After checkout, the agent works with ordinary files. It can inspect, edit, test, diff, and
make local commits. Anything needing GitHub credentials runs outside the agent sandbox, so
the agent never runs authenticated `git`/`gh` and never sees a token.

To open a pull request, the agent calls the
[`github_publish_pull_request`](/agent-sessions/runtime-tools#github-tools) runtime tool —
it is **not** an SDK method; the agent invokes it from inside the sandbox. It takes the
source's local `name` as `source`, a `title`, and optional `body`, `base` (defaults to the
source's checked-out ref), and `draft`, and returns the PR URL. OpenComputer commits the
agent's edits to an `oc/<session>/<source>-<id>` branch and opens the PR with a
just-in-time, write-scoped token. This requires a **configured GitHub App** — the inline
`risky_short_lived_token` path is checkout-only and **cannot** open PRs.

**More repos mid-session.**
[`add_source(repo, ref, name?)`](/agent-sessions/runtime-tools#github-tools) checks out an
additional Connected-App repo into `/workspace/sources/<name>` after the first turn — same
zero-credential model as the initial checkout.
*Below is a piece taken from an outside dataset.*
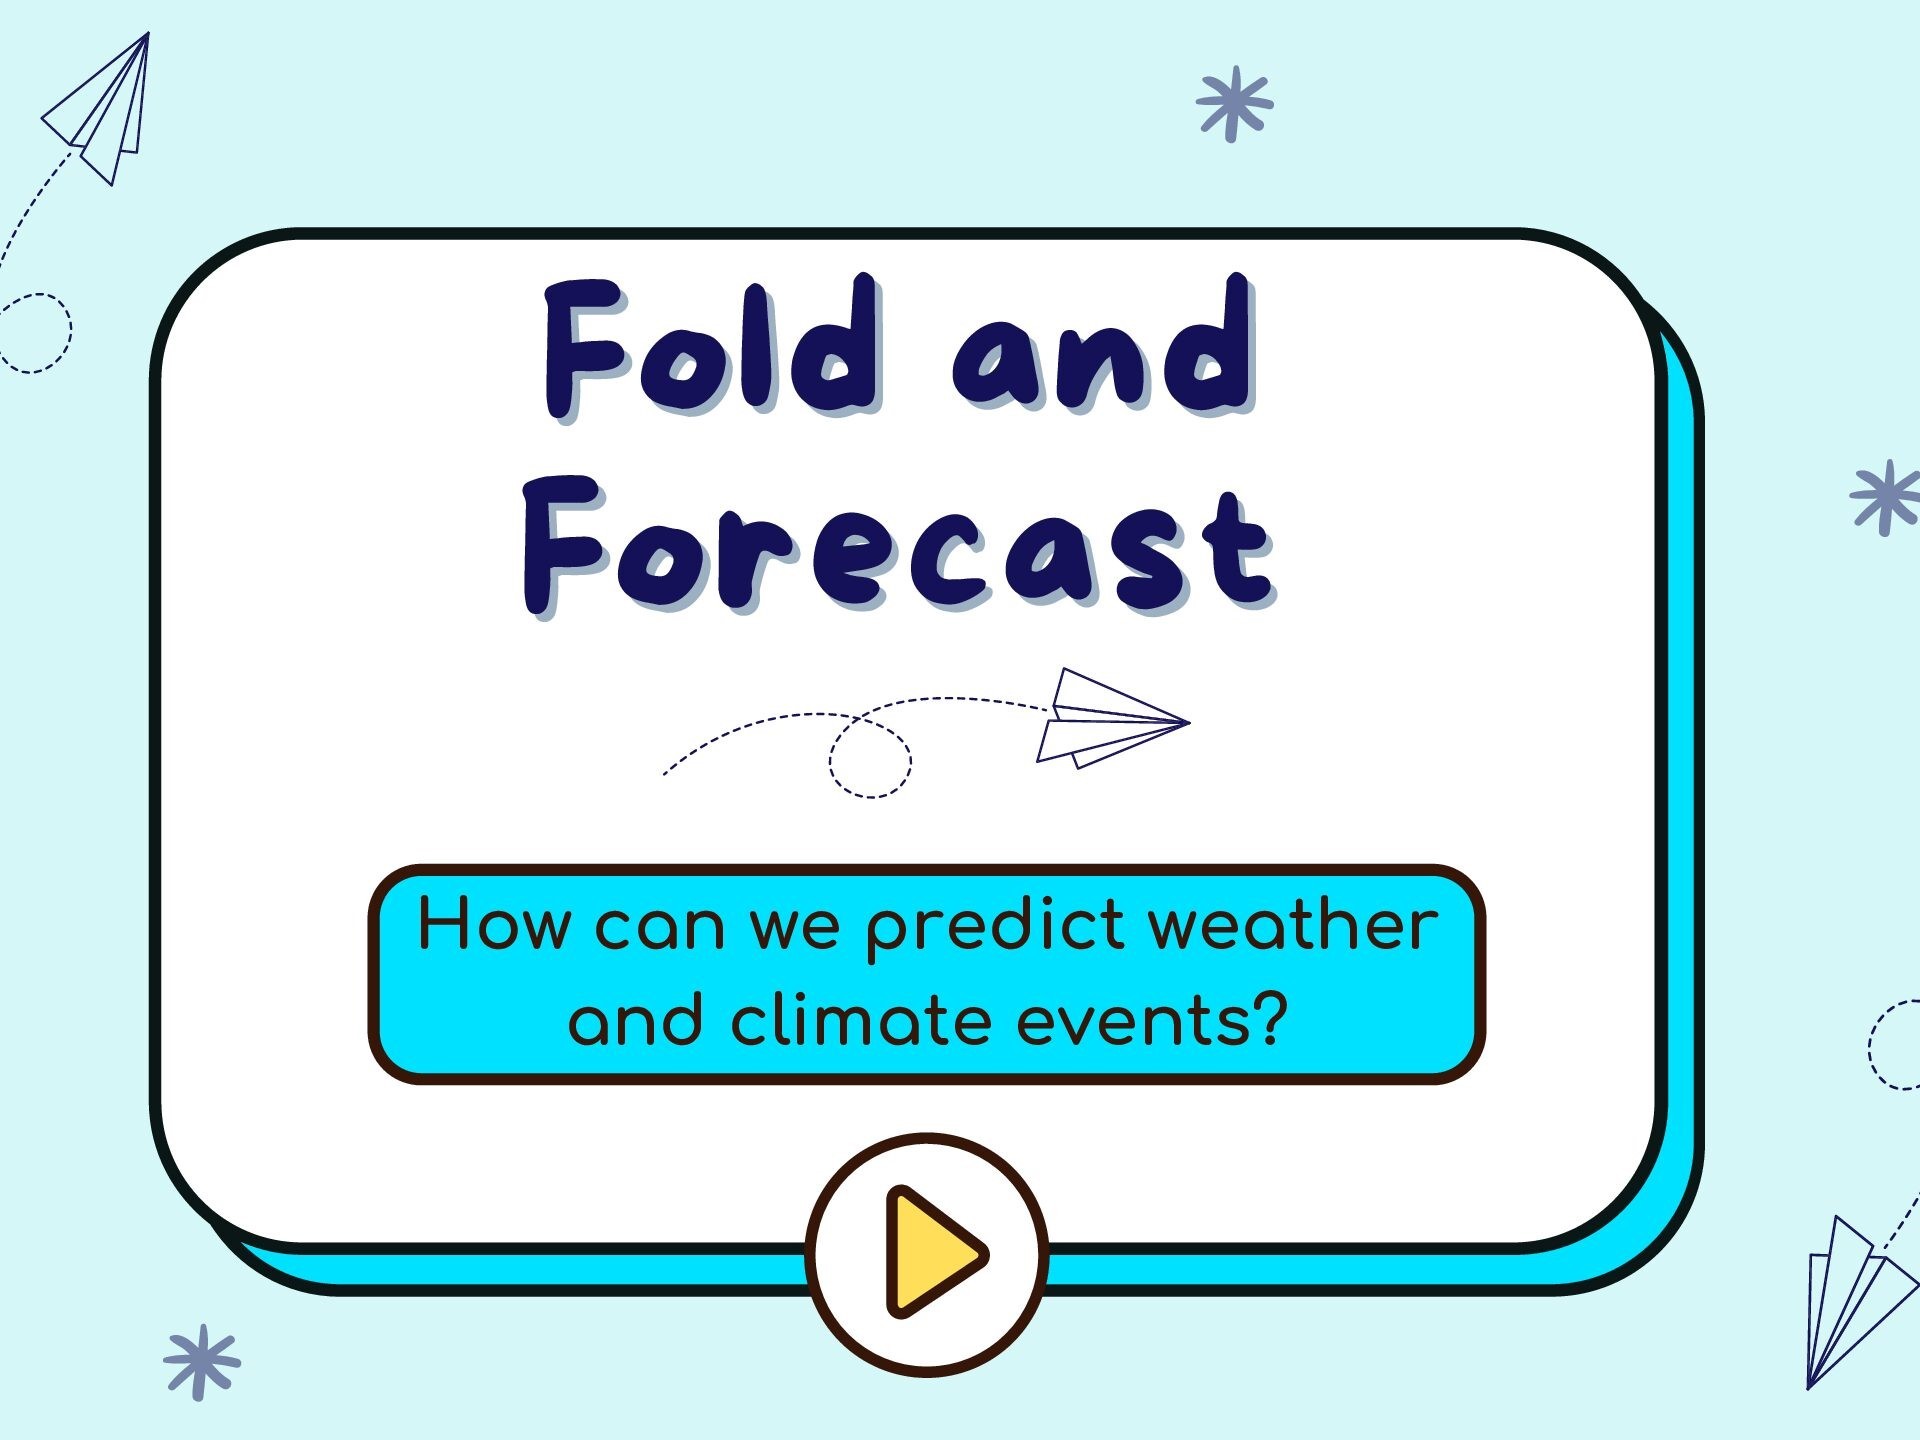 Fold and Forecast: How can we predict weather and climate events?

**React to PR events.** After opening a PR, the agent can
[watch](/agent-sessions/watches) it with `watch_pull_request`; OpenComputer wakes the session
when checks finish, a review or comment lands, or it merges, so the agent can respond (e.g.
push a fix). Own-PR only, Connected-App repos only.

## Guarantees

* **GitHub App-backed tokens are never stored** — OpenComputer obtains short-lived,
  repo-scoped tokens just in time and destroys them. None reaches the agent's prompt,
  shell, files, env, the event log, or telemetry. (The one exception is inline-token auth,
  held encrypted only until the first checkout, then purged.)
* The OpenComputer App's private key lives only in OpenComputer's **control plane**, never
  in a sandbox.
* Platform-mediated pushes use an `oc/<session>/…` branch namespace — **no
  protected-branch push, no force-push.**
* Submodules and Git LFS are not part of the checkout contract.